Configure the Hive input component

更新时间:
复制 MD 格式

The Hive input component reads data from a Hive data source. Configure this component as the input when synchronizing Hive data to another data source.

Limitations

Supported Hive table formats: orc, parquet, text, rc, seq, and iceberg. The iceberg format requires Hive compute sources or data sources on E-MapReduce 5.x. ORC transactional tables and Kudu tables are not supported.

Note

To integrate data from a Kudu table, use the Impala input component. Configure the Impala input component.

Prerequisites

Procedure

  1. In the top navigation bar of the Dataphin homepage, choose Develop > Data Integration.

  2. On the Data Integration page, select a Project. In Dev-Prod mode, also select an environment.

  3. In the left-side navigation pane, click Offline Integration. In the Offline Integration list, click the offline pipeline you want to develop.

  4. In the upper-right corner of the page, click Component Library to open the component library panel.

  5. In the component library panel, select Input, find the Hive component, and drag it onto the canvas.

  6. Click the image icon on the Hive component to open the Hive Input Configuration dialog box.

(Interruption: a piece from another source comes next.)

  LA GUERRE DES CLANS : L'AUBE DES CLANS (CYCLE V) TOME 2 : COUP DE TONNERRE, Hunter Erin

  7. In the Hive Input Configuration dialog box, configure the parameters.

    Parameter

    Description

    Step name

    The name of the Hive input component. Dataphin auto-generates a name that you can customize. Requirements:

    • Can contain only Chinese characters, letters, underscores (_), and numbers.

    • Cannot exceed 64 characters.

    Data source

    Select a Hive data source. The list shows all Hive data sources regardless of your sync read permissions. Click the image icon to copy the data source name.

    Table

    Select the source table. Click the image icon to copy the name of the selected table.

    Note

    If you select a Hudi table or a Paimon table, you can only configure the Partition parameter.

    Partition

    You can read data from a static partition, such as ds=20230101 or ds1=2023,ds2=01, or a range partition, such as /*query*/ds >=20230101 and ds <= 20230107.

    Note

    If the selected table is a Hudi table or a Paimon table, reading from a range partition is not supported.

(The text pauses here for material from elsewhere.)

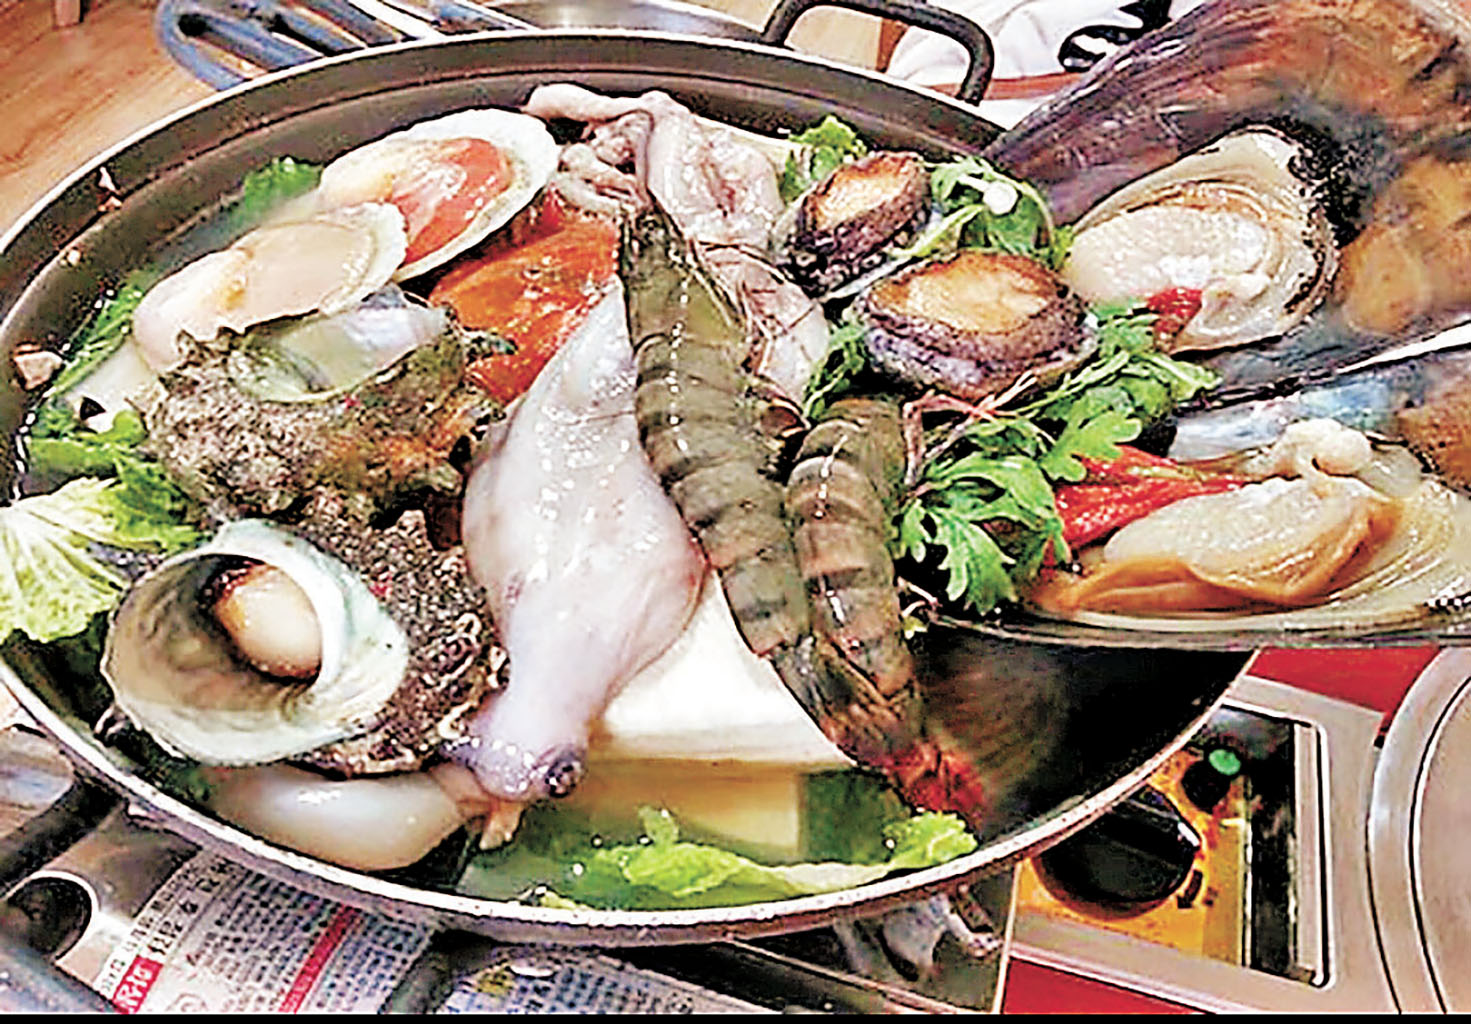 ■「濟州海男」的海鮮鍋加入了鮑魚、貝殼和虎蝦等海鮮。

    Action on partition not found

    Action when the specified partition does not exist:

    • Fail task: The task fails.

    • Succeed task, no data written: The task succeeds, but writes no data to the target table.

    File encoding

    Select the encoding of the source files. Supported encodings are UTF-8 and GBK.

    NULL value replacement

    Applies only to textfile tables. Enter the string to replace with NULL. For example, entering \N replaces all \N values with NULL.

    Compression format

    Optional. Select the compression format for compressed files. ORC tables default to zlib; other formats have no default. Supported formats: zlib, hadoop-snappy, lz4, and none.

    Field delimiter

    Enter the field delimiter used in the table, typically set with the ROW FORMAT DELIMITED FIELDS TERMINATED BY statement. Defaults to \u0001.

    Output fields

    Lists all fields from the selected table that match the filter criteria. Remove fields that you do not need in downstream components.

    Note

    The data classification of output fields is visible only when using the Hadoop compute engine.

    • To remove a single field: Click the sgaga icon in the Actions column to remove the field.

    • To remove fields in bulk: Click Field Management. In the Field Management dialog box, select the fields to remove, click the image left arrow icon to move them to the unselected list, and click OK.

      image..png

  8. Click Confirm to save the component's configuration.